* [Task data]

* * * *

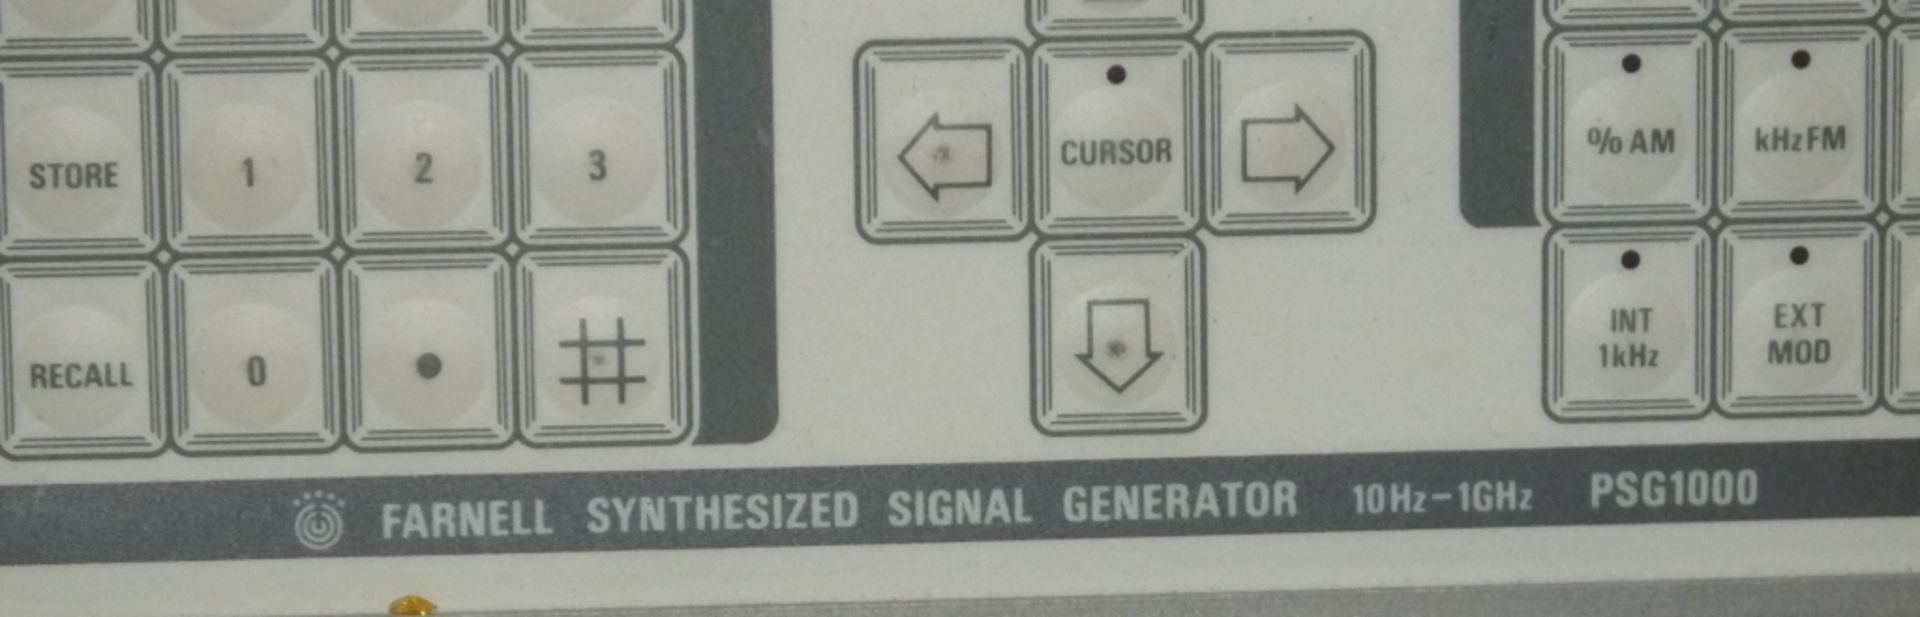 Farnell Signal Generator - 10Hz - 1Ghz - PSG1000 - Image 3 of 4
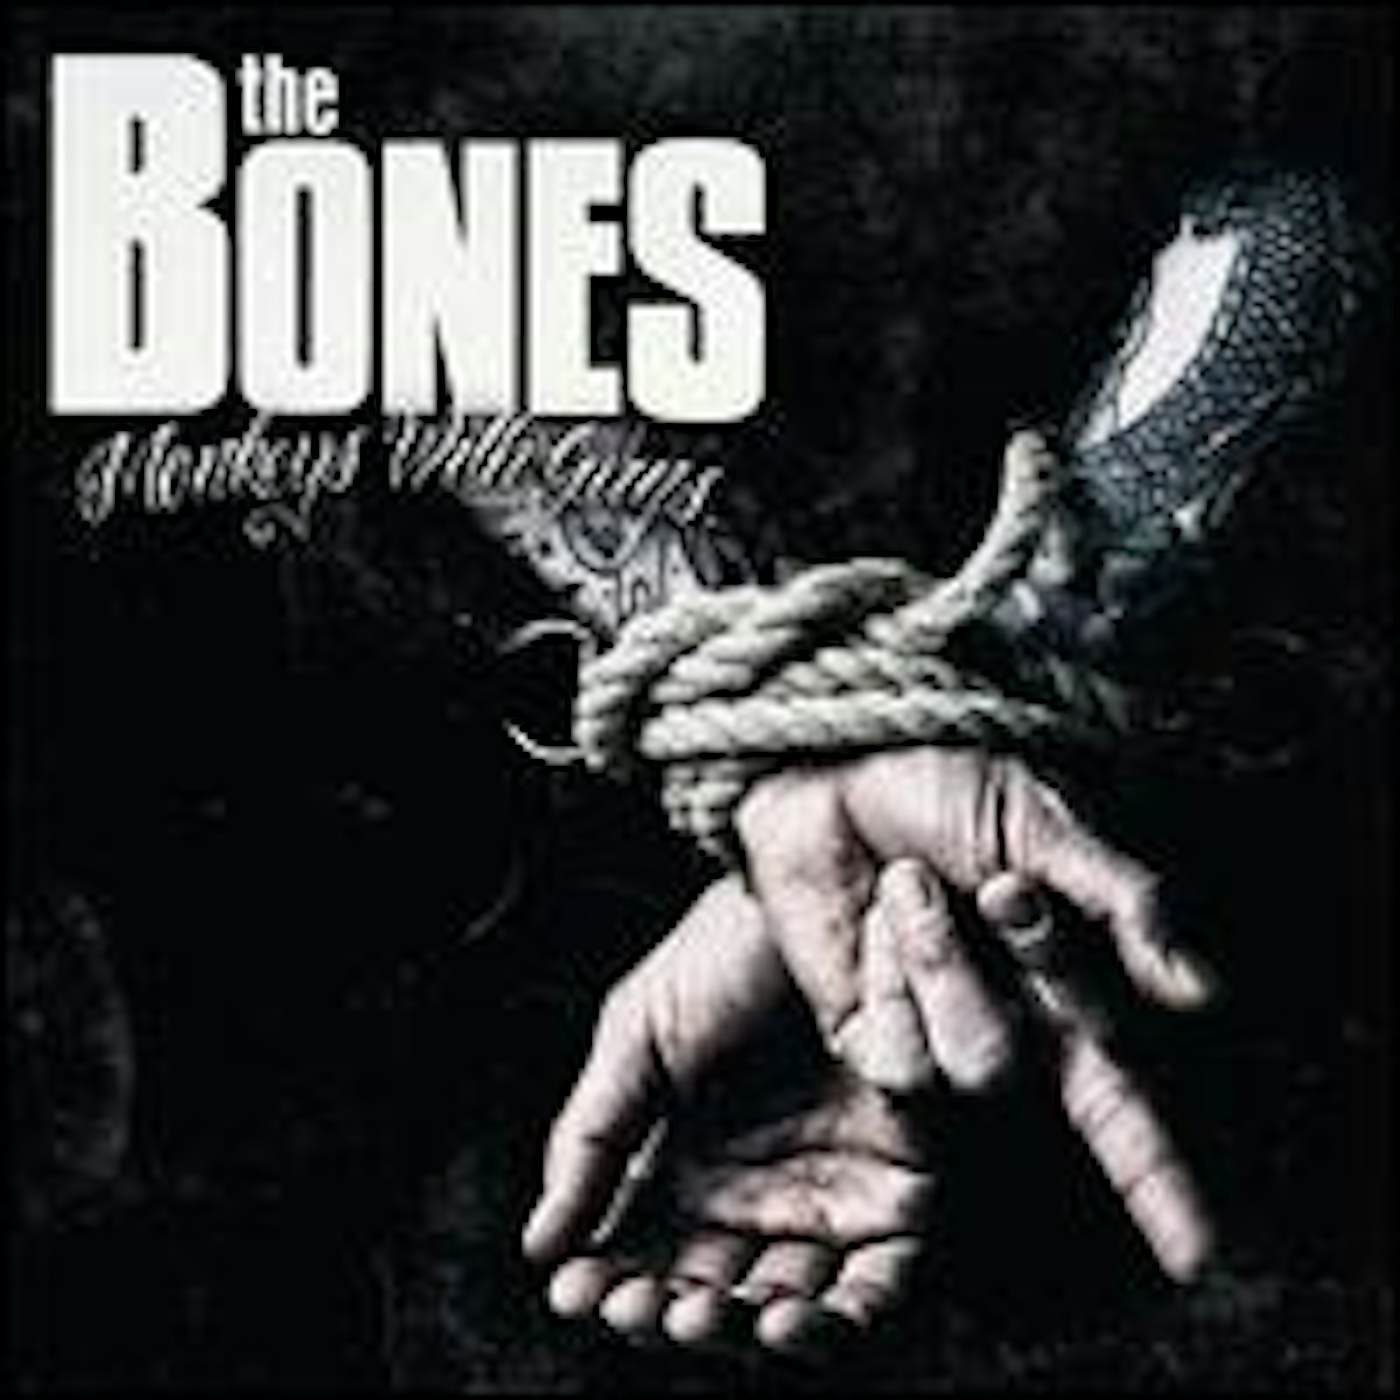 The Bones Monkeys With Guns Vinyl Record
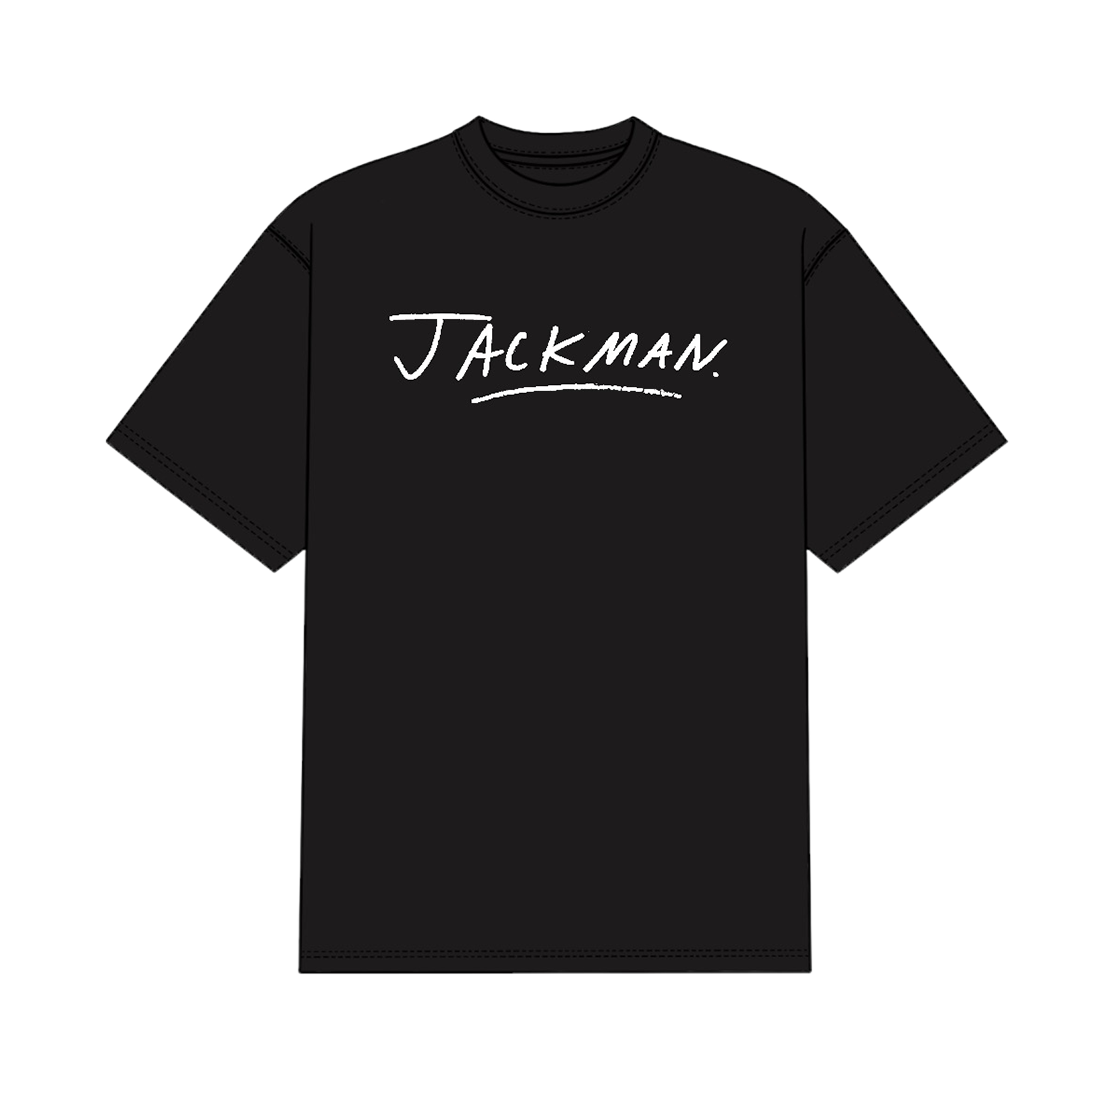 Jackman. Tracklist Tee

* * * *

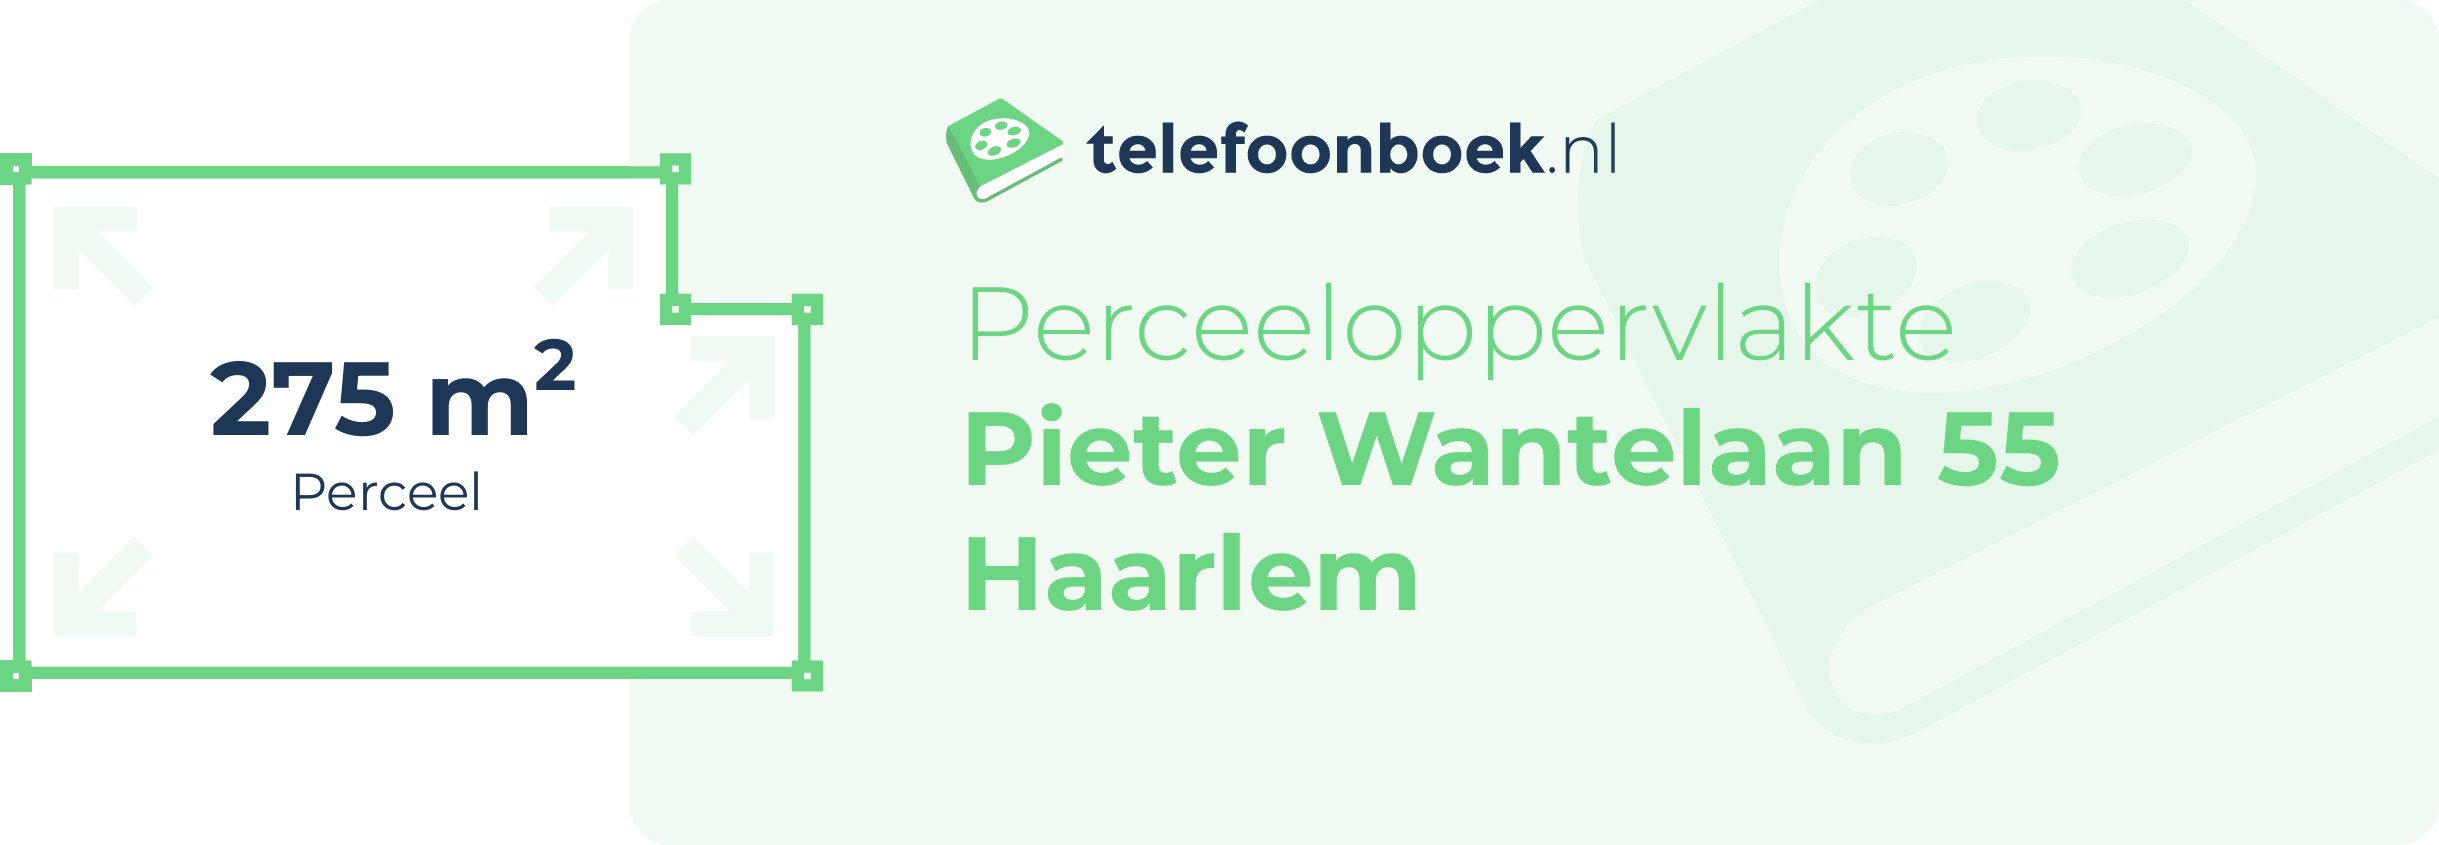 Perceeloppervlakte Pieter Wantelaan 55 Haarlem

* * * *

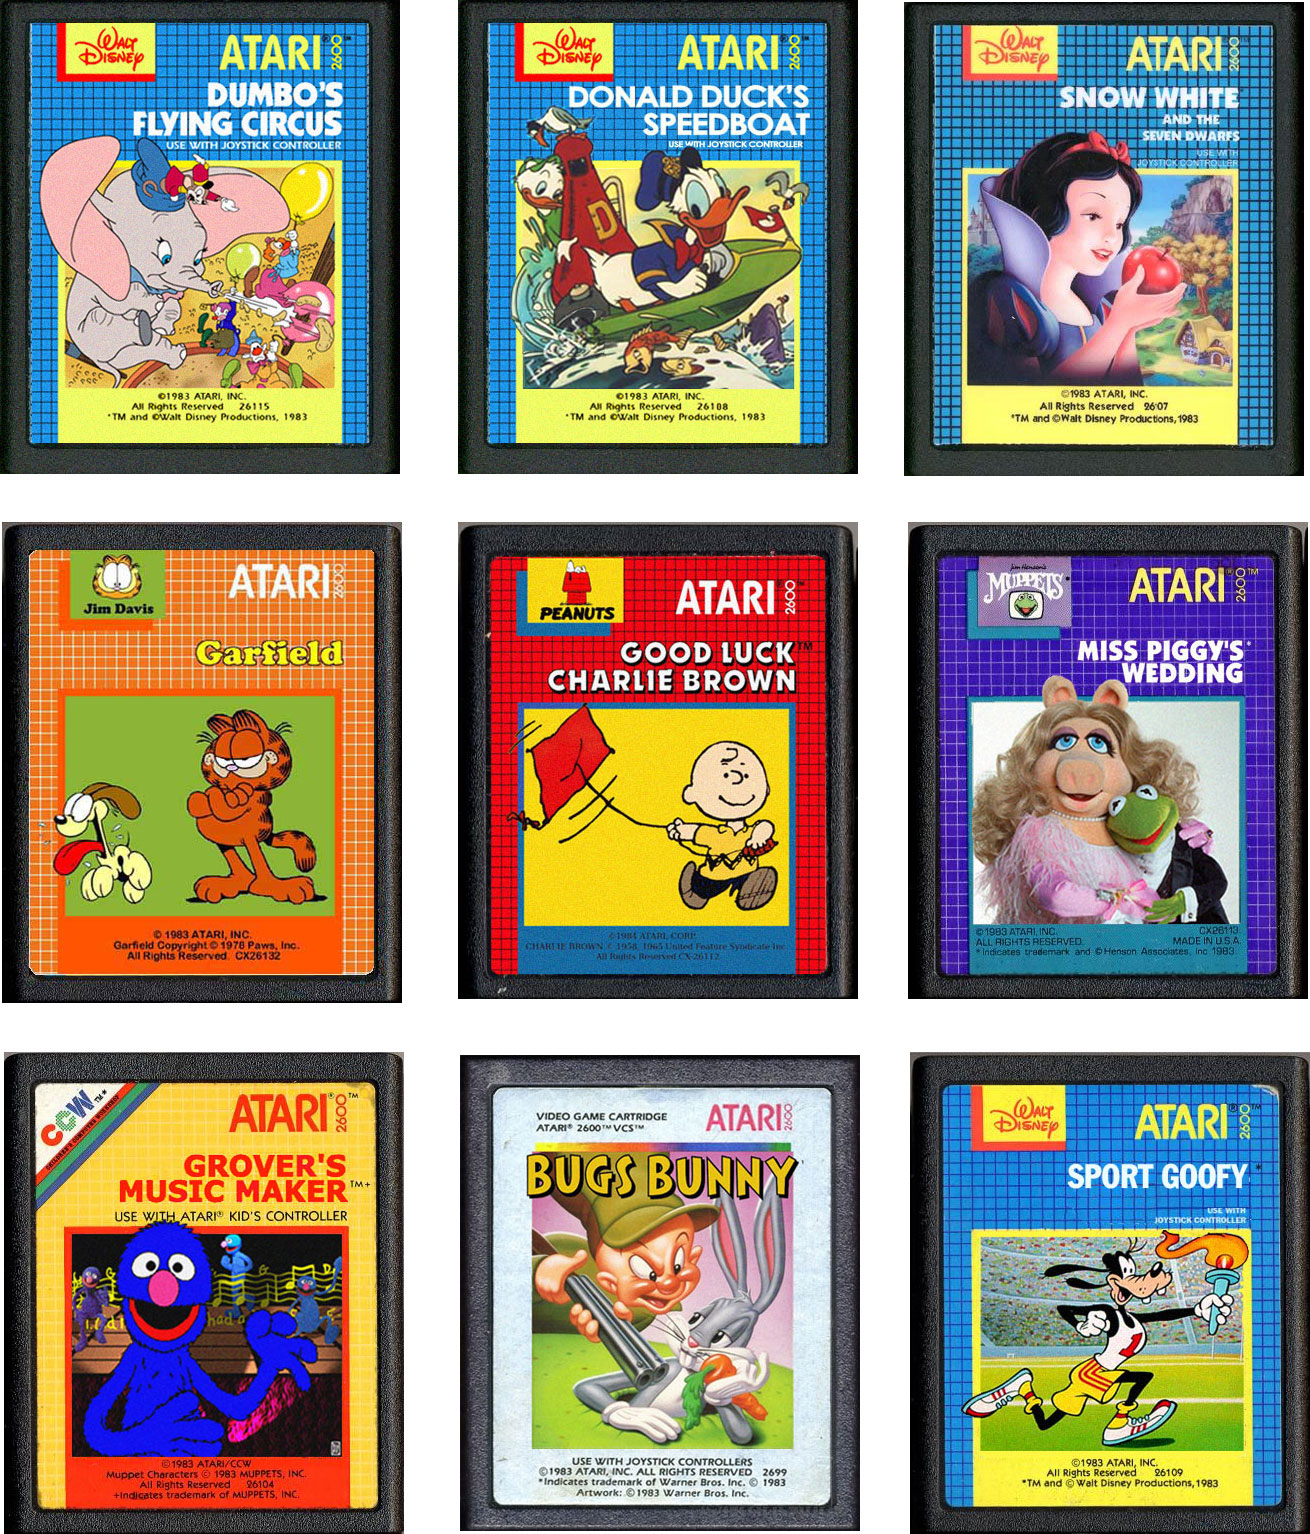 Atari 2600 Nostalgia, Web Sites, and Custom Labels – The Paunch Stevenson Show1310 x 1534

* * * *

* [Assignment]
Only one stretch of the data is wanted: write out exactly the lines from the one holding "The Bones Monkeys With Guns Vinyl Record" through the one holding "Jackman. Tracklist Tee", both included, without the pictures.

* [Finished task]
 The Bones Monkeys With Guns Vinyl Record
 Jackman. Tracklist Tee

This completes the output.